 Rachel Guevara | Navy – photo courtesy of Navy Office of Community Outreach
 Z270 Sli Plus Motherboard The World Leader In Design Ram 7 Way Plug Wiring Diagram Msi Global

* * *

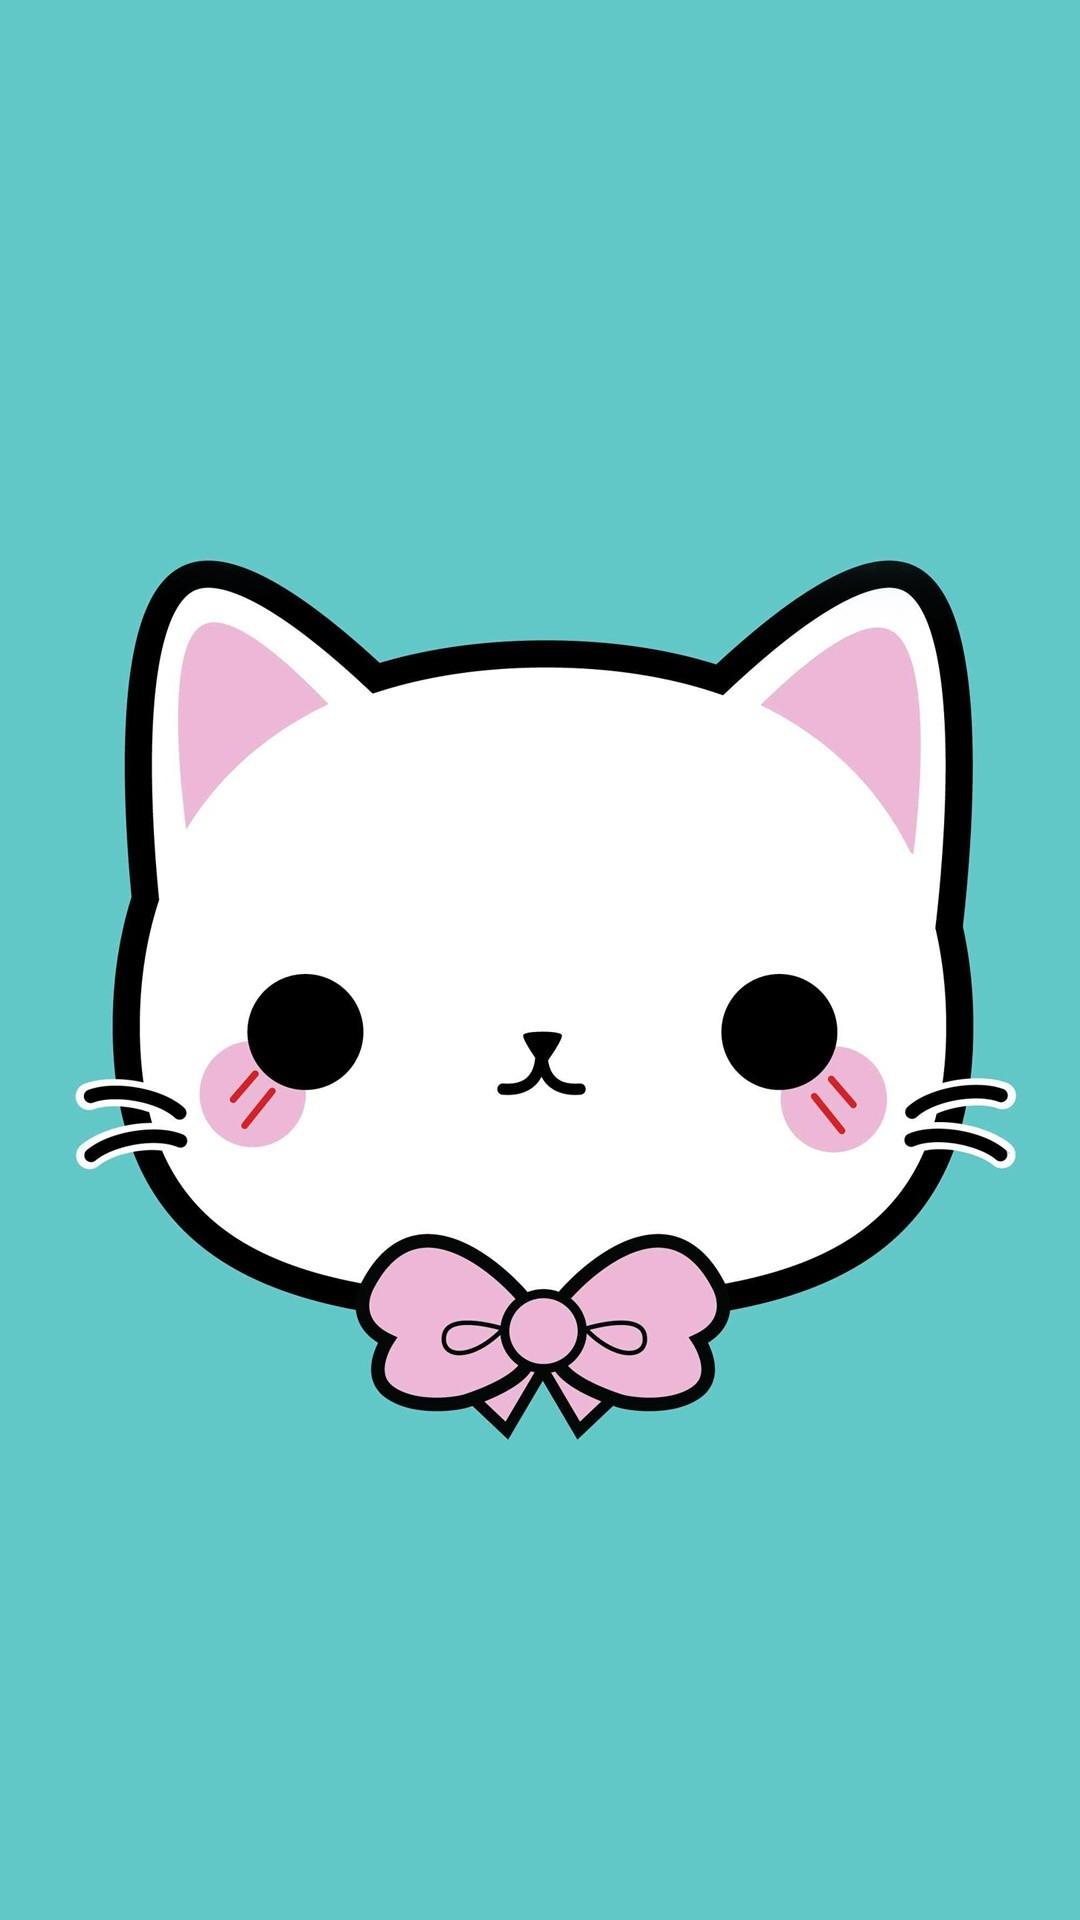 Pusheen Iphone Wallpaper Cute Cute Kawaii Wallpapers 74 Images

= How to complete this task =
In the listing above, the lines from the one containing "Rachel Guevara |" through the one containing "Z270 Sli Plus" must be set down exactly, with no other lines.

= Answer section =
 Rachel Guevara | Navy – photo courtesy of Navy Office of Community Outreach
 Z270 Sli Plus Motherboard The World Leader In Design Ram 7 Way Plug Wiring Diagram Msi Global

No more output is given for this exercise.